What is needed is an exact copy of the data below, pictures excluded.

## GIVEN MATERIAL
-- Opening Marker --
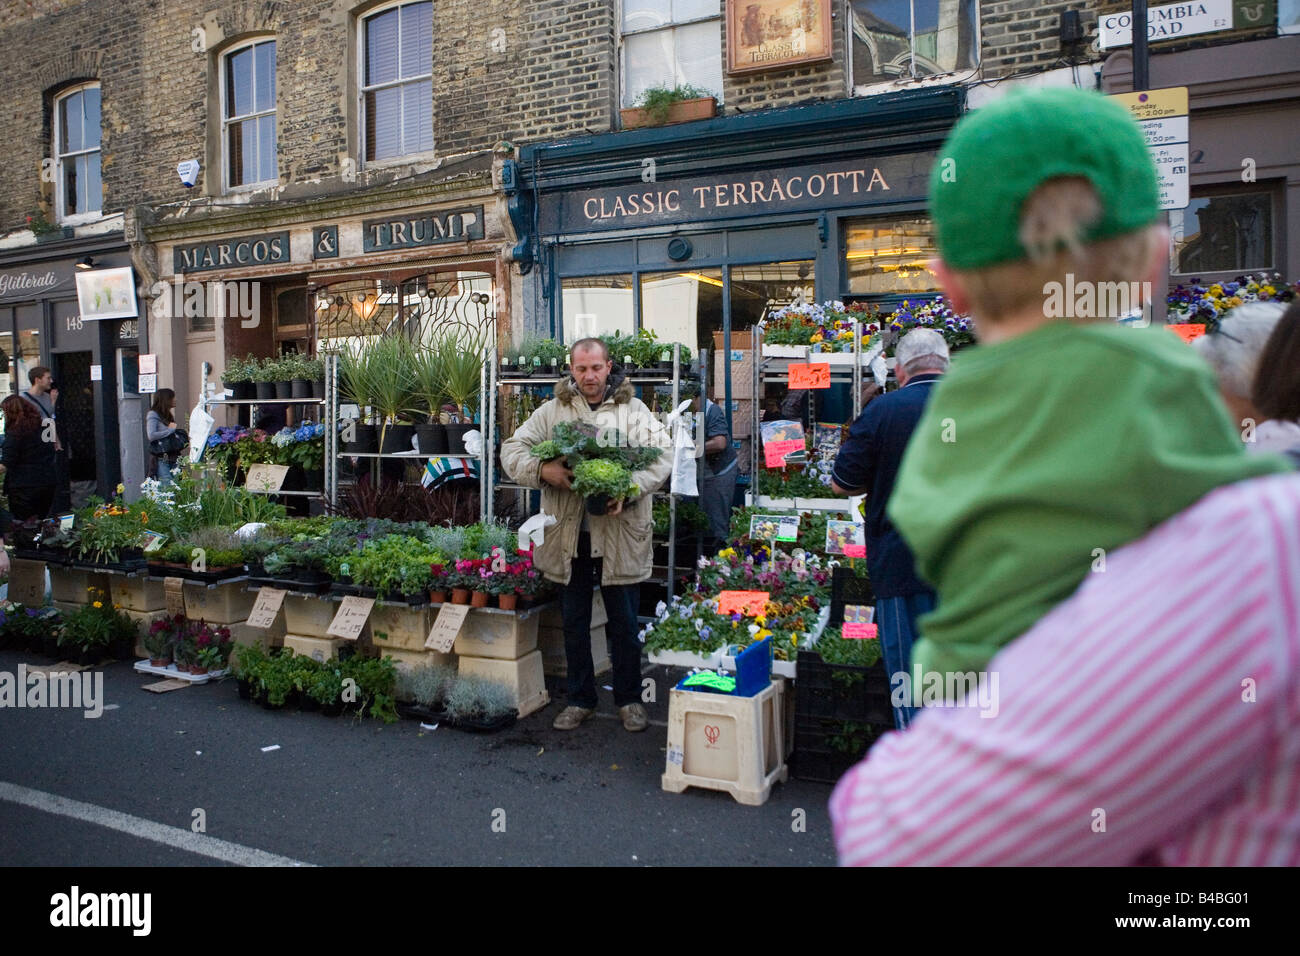 Colombia Rd flower market Stock Photo
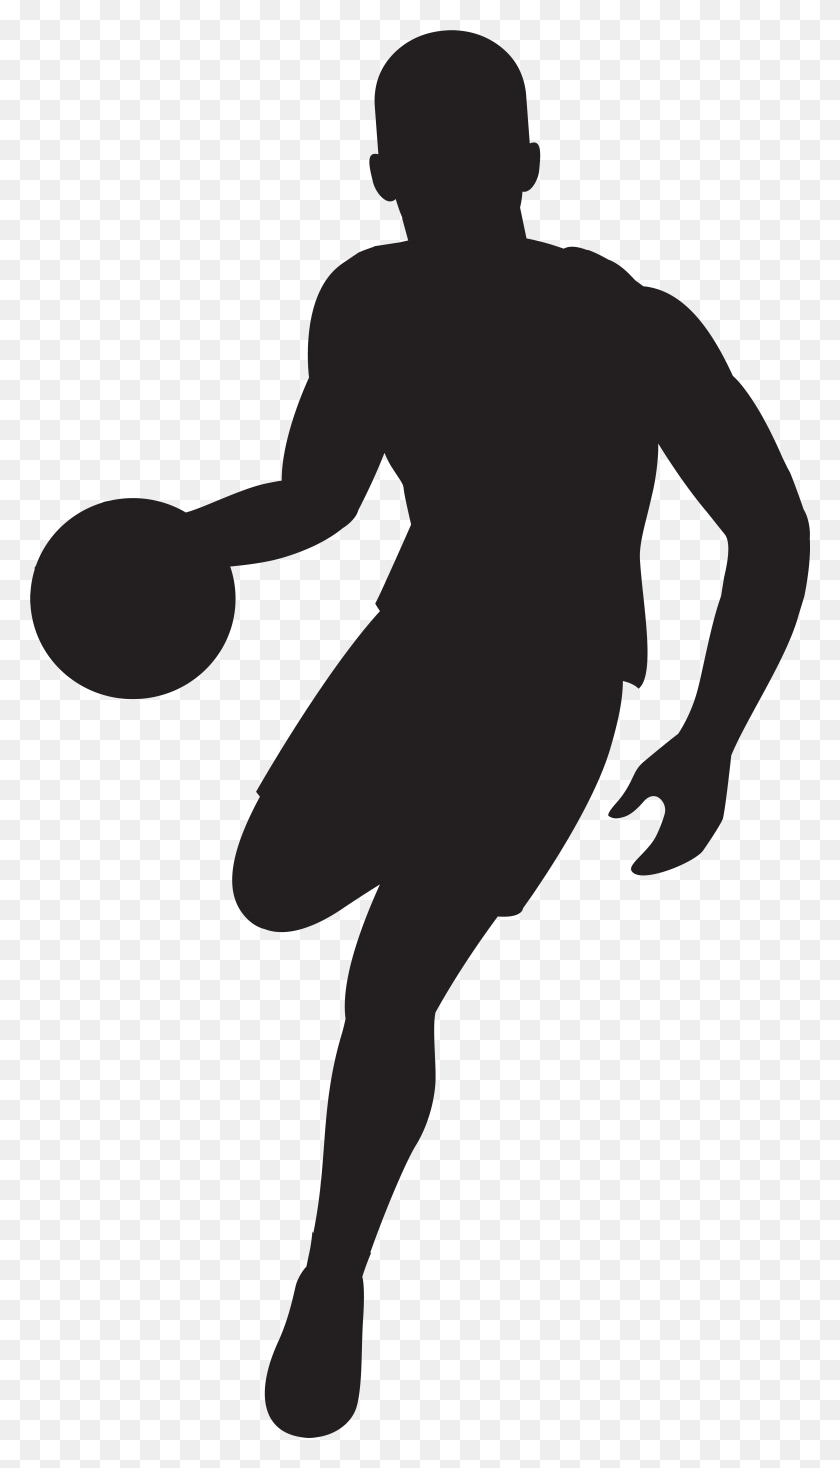 4396x7936 Basketball Player Silhouette Clip Art Gallery - Football Player Clipart Free
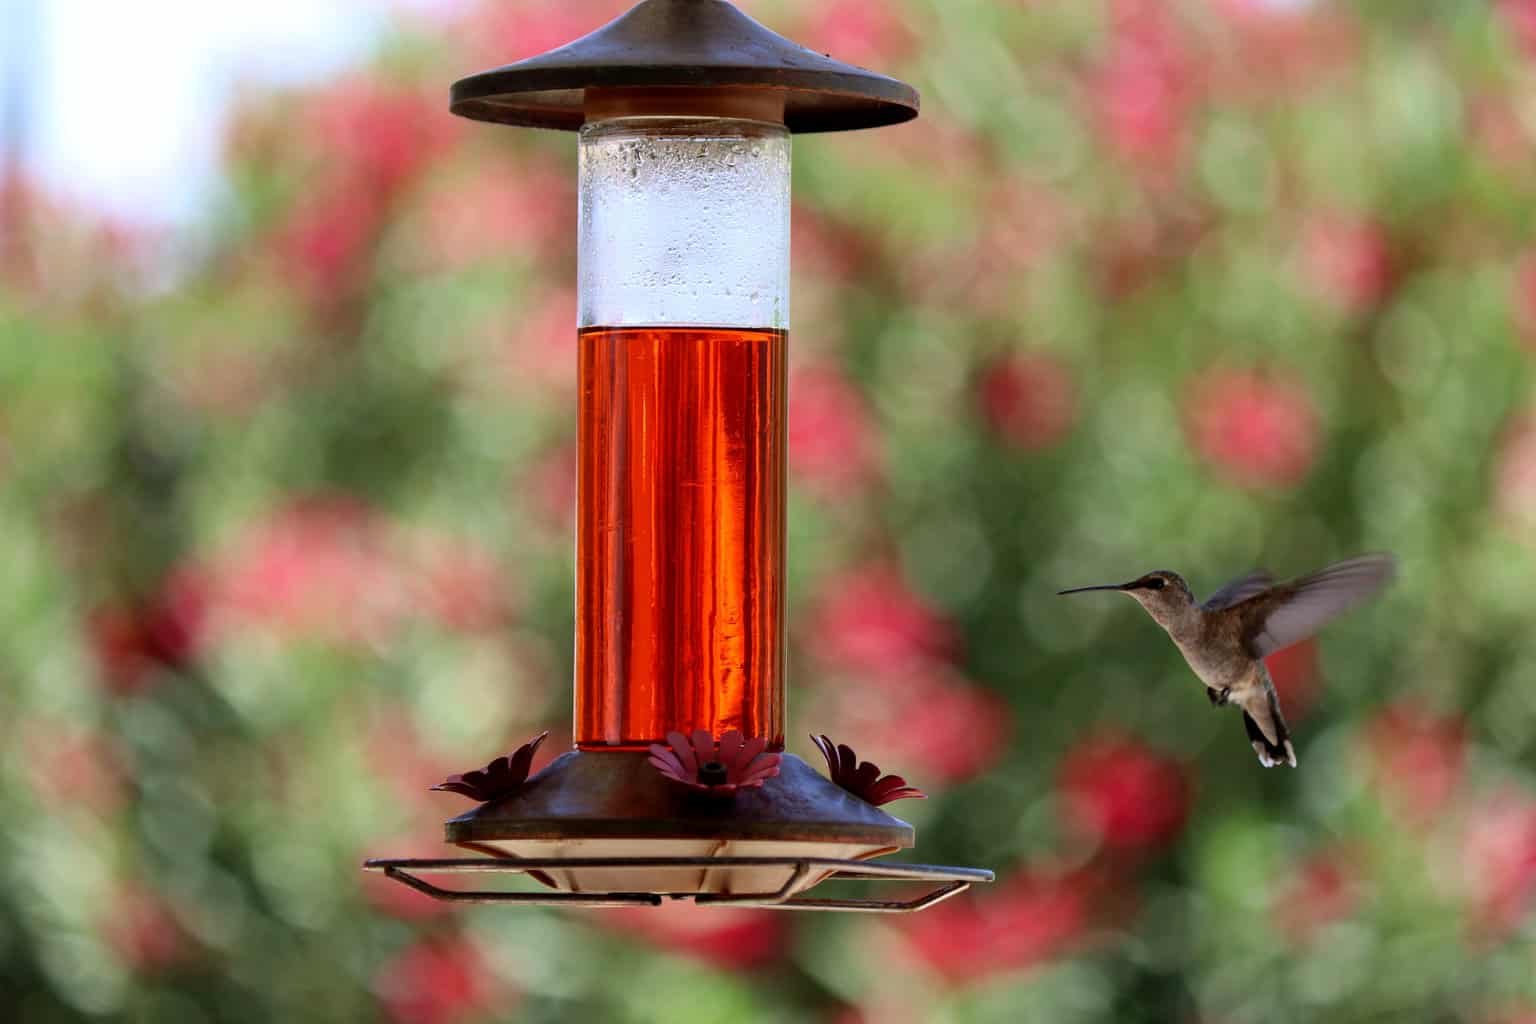 Where to place a hummingbird feeder in your backyard – 5 essential tips
-- Closing Marker --
## ANSWER
 Colombia Rd flower market Stock Photo
 4396x7936 Basketball Player Silhouette Clip Art Gallery - Football Player Clipart Free
 Where to place a hummingbird feeder in your backyard – 5 essential tips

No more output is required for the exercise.